Each participant will have a baseline visit and a follow up visit after 10 days of the
intervention (consumption of prebiotic dietary bar). At each visit, participants will
complete questionnaires regarding adverse events including a questionnaire that rates bowel
movement, stool consistency, discomfort, flatulence, abdominal pain, and bloating on a scale
from 1 (best) to 10 (worst). Participants will also complete a Perceived Stress Questionnaire
(Appendix D) and GI Symptom and Severity Checklist (Appendix A). Participants will be asked
to fill out a diet record (24ASA diet questionnaire) (Appendix E) during the last 3 days on
the intervention. Participant will also are asked to self-collect stool at home before
consuming (eating) the first probiotic bar in the study and during the last day of the study
at home. Supplies for stool collection (2 stool collection kit) and instructions for specimen
handling and for completing these tasks will be given at Visit 1 and refreshed before visit
2. At visit 1 participants will be provided with 2 stool collection kits. First stool will be
collected at home about 1 day and participants are asked to mail the stool in a pre-paid Fed
Ex right after collecting the stool. The second stool collection will be on the last day that
participants consume the probiotic bars prior to coming to for study visit 2 when the
participants bring the stool to the study visit. The kit includes supplies to preserve the
sample with gas packs and collection bag so the sample can be brought with the participant to
the visits within 24 hours. The self-collected stool samples will be saved by the study team
and frozen for future use. Participants will be asked to complete several dietary
questionnaires including a Mediterranean diet screener (Appendix F), food timing screener
(Appendix B) and food frequency questionnaire (Appendix C). Before Visit 2, each participant
will collect the stool and complete the 3-day food record; these will be returned at Visit 2.
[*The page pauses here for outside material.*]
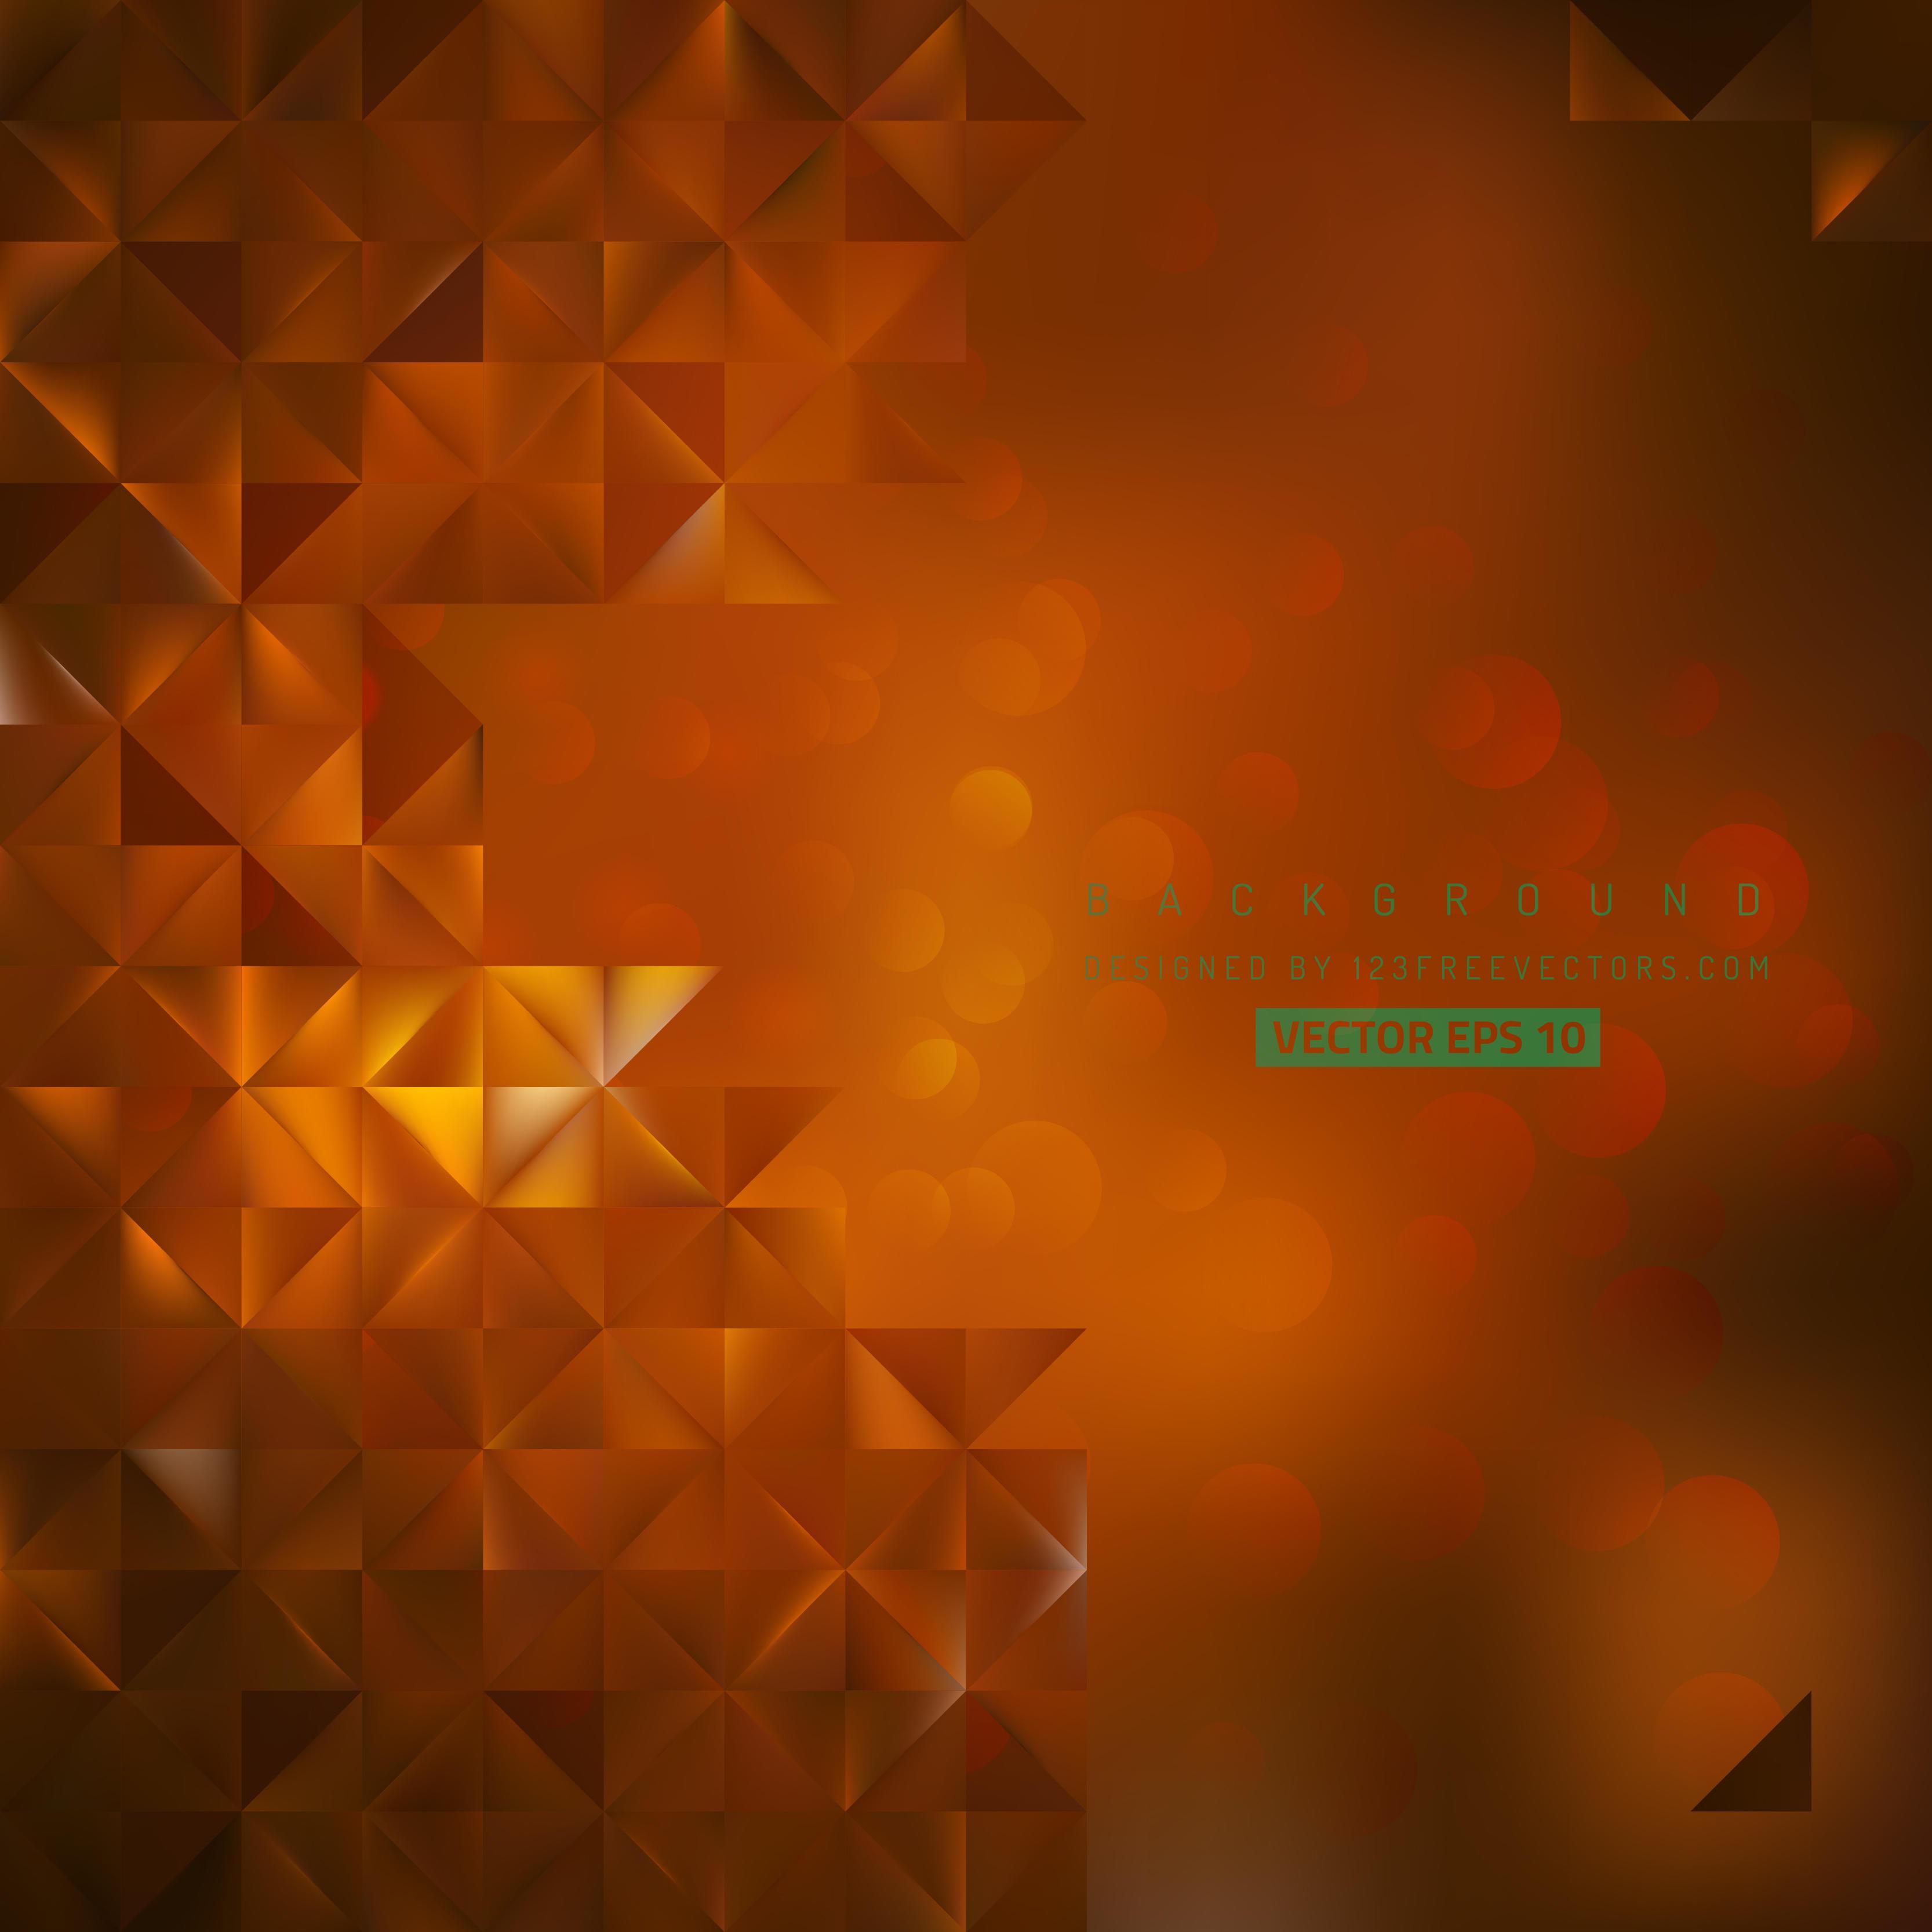 Abstract Dark Orange Background Clip art.

At Visit 2, participants will complete a Perceived Stress Questionnaire (Appendix D) and GI
Symptom and Severity Checklist and associated instructions (Appendix A). Each participant
will also have blood draw (1 red top to collect serum and 1 EDTA tube to collect plasma) at
visit 1 (baseline) and at visit 2 (completion of the study) to check for serum short chain
fatty acids, lipopolysaccharides, interleukins and cytosine monophosphate(check for safety).
Participants will provide written informed consent (Visit 1) before any study procedures,
data or sample collection are performed.